Huub Jansen

Personal information
- Full name: Hubertus Karel Gerardus Jansen
- Born: 30 September 1962 (age 63)
- Role: Umpire

Umpiring information
- ODIs umpired: 3 (2018–2019)
- T20Is umpired: 8 (2018–2019)
- WT20Is umpired: 5 (2019)
- Source: Cricinfo, 8 August 2019

= Huub Jansen =

Dutch cricket umpire (born 1962)

Hubertus Karel Gerardus "Huub" Jansen (born 30 September 1962) is a Dutch former cricket umpire. Jansen served on the ICC Associate and Affiliate Panel of Umpires representing the Netherlands. He retired from umpiring in September 2021.

== Umpiring career ==
Jansen officiated in matches during the 2016 ICC World Cricket League Division Five tournament in Jersey in May 2016.

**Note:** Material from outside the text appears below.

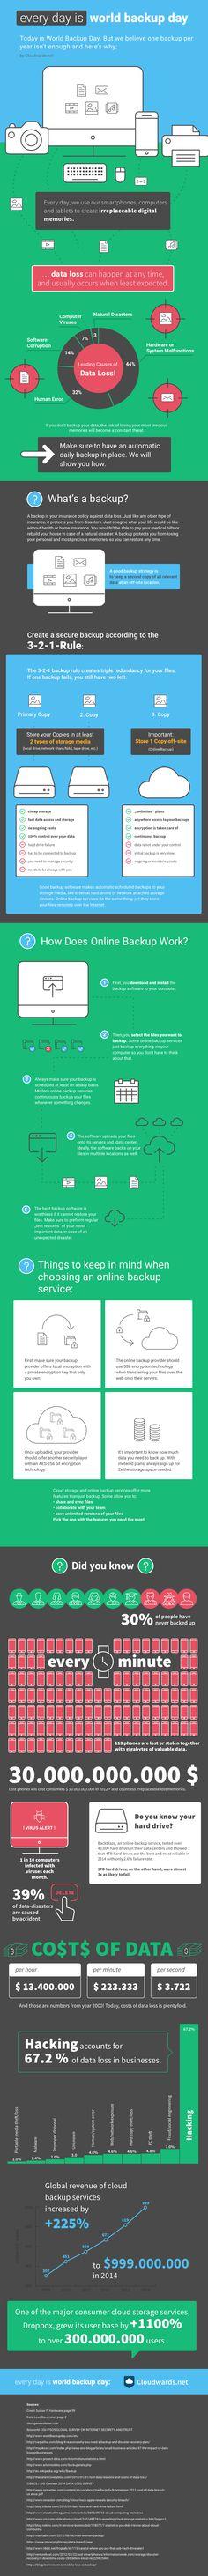 Cloudwards.net – World Backup Day 2015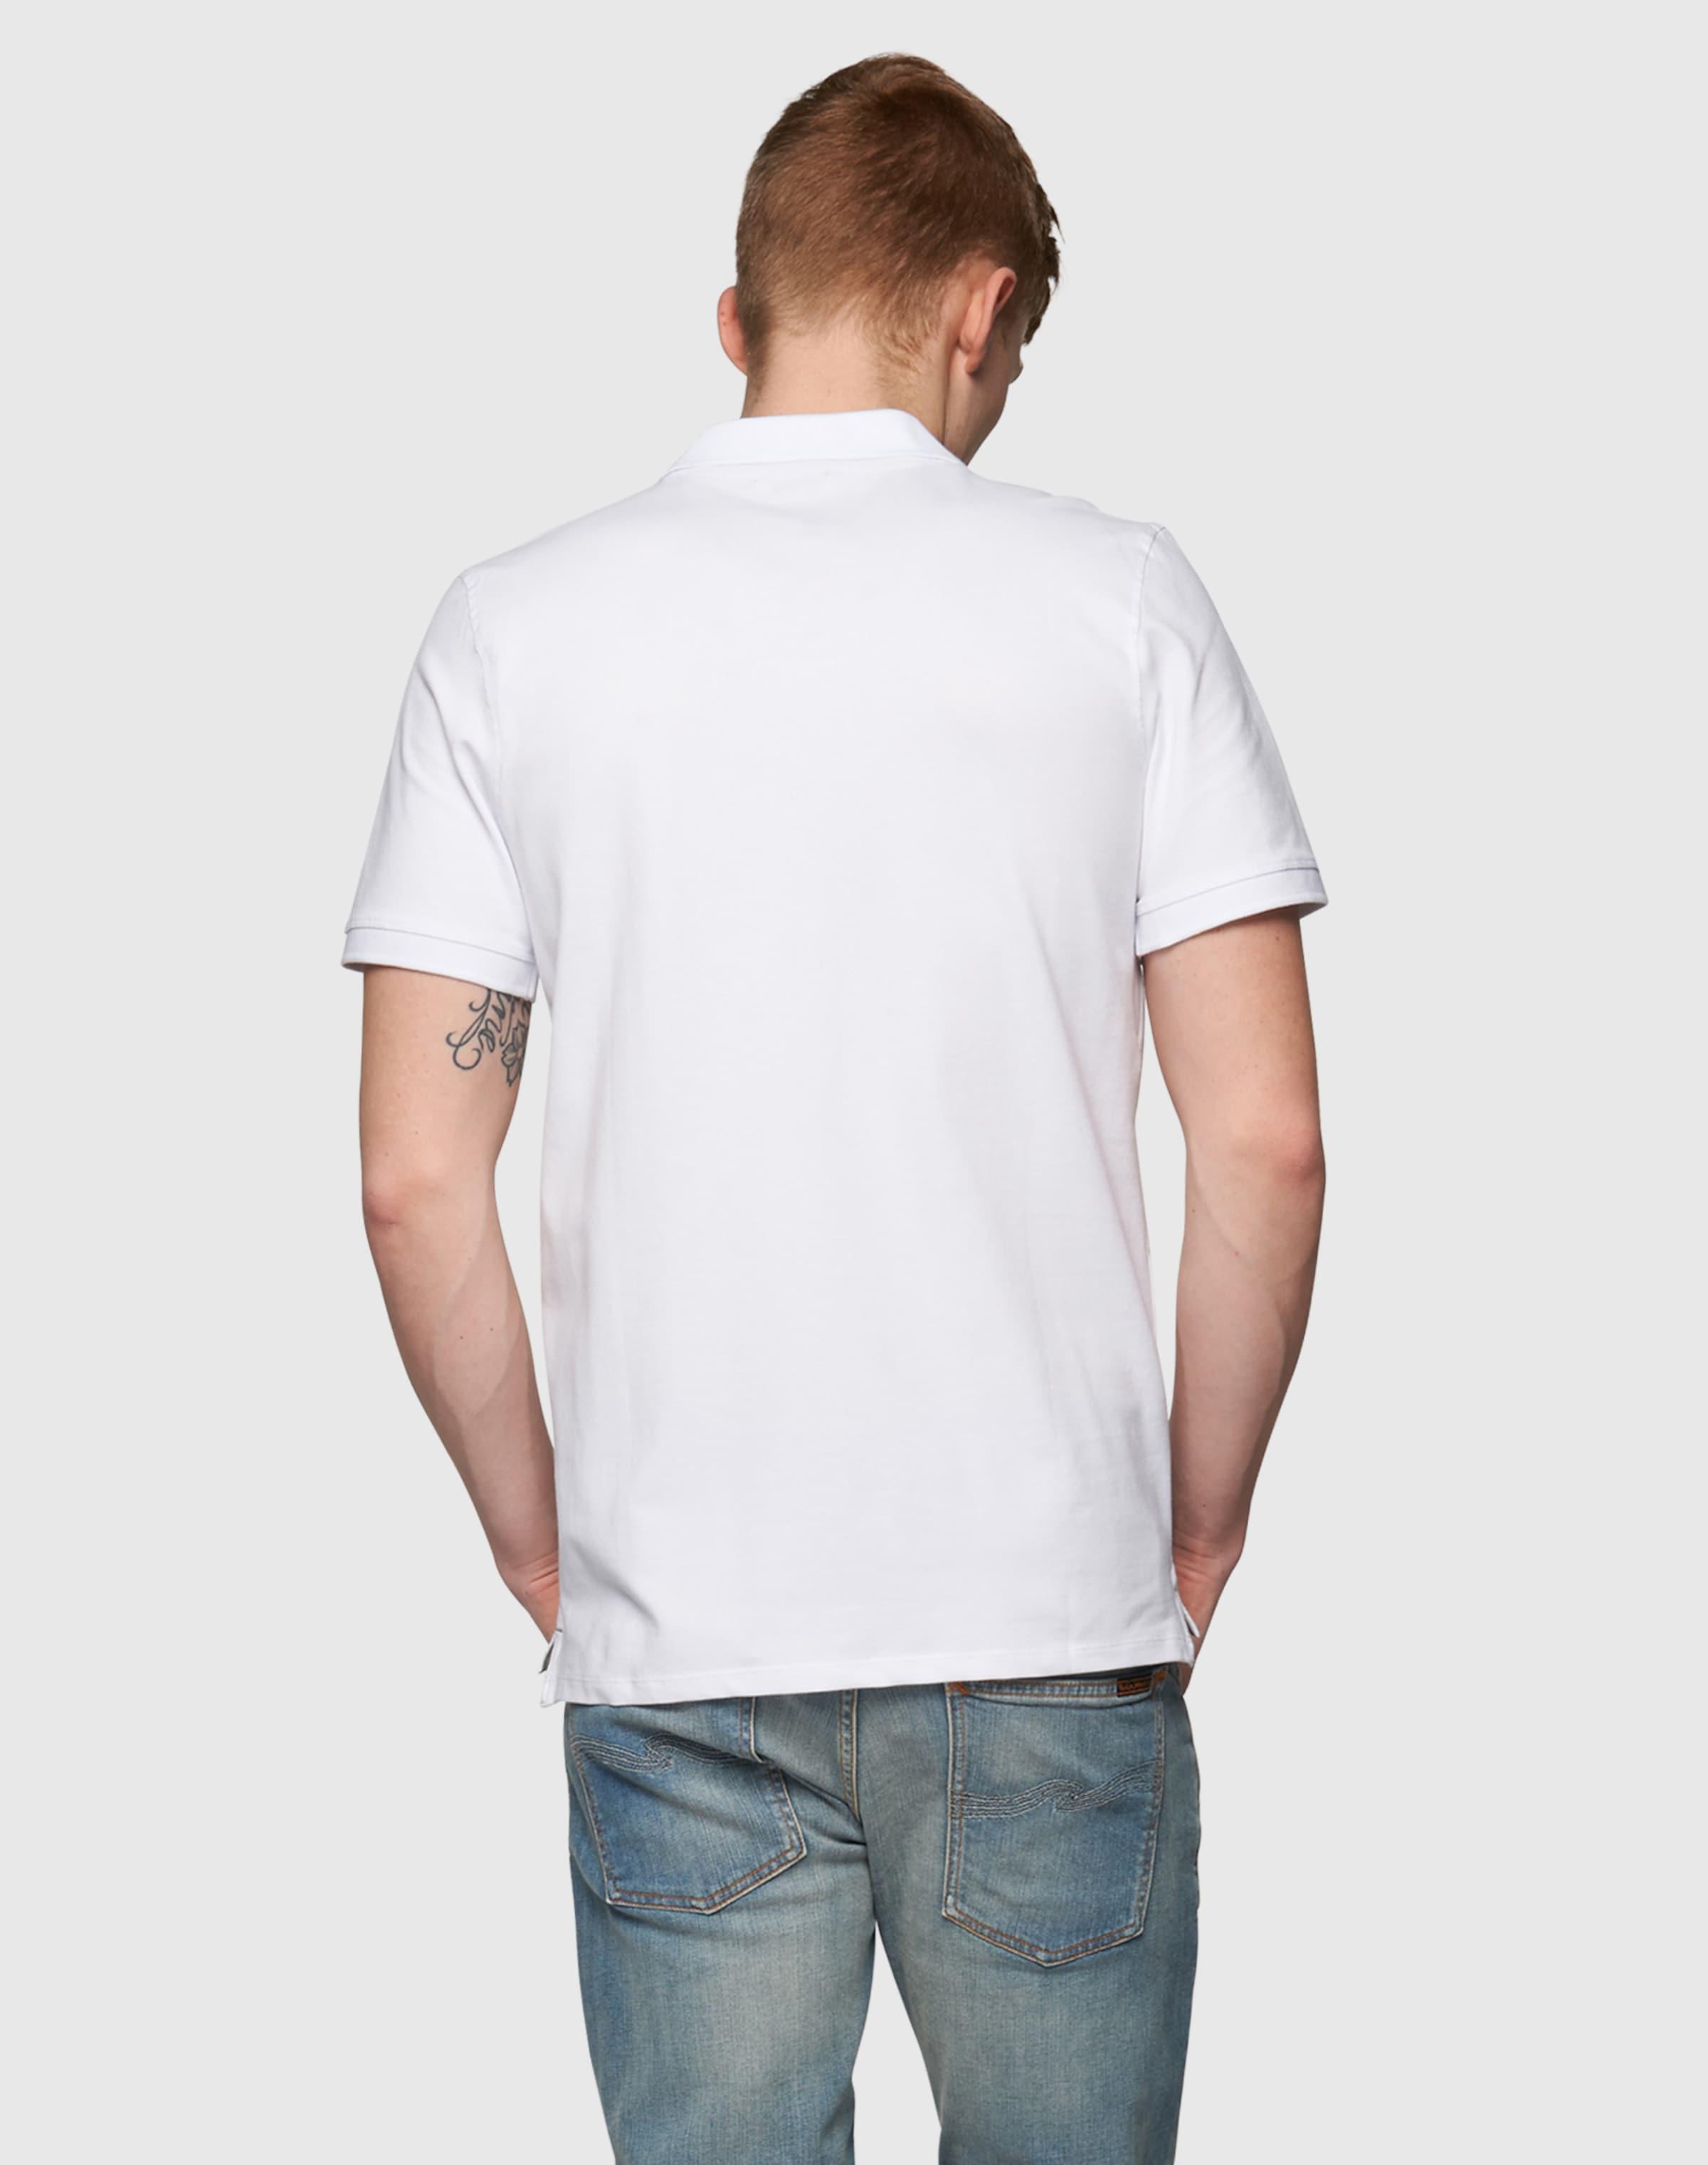 SELECTED HOMME Poloshirt 'SH Daro' Geniue Händler Günstig Online Großhandelspreis Online Kaufladen Großer Verkauf Günstig Online Kaufen Billig Kaufen KPHvp6CWyd

On 16 June 2018, he made his Twenty20 International (T20I) umpiring debut, in a match between Ireland and Scotland. On 3 August 2018, he umpired in his first One Day International (ODI) match, between the Netherlands and Nepal. He was one of the eight on-field umpires for the 2019 ICC World Cricket League Division Two tournament in Namibia.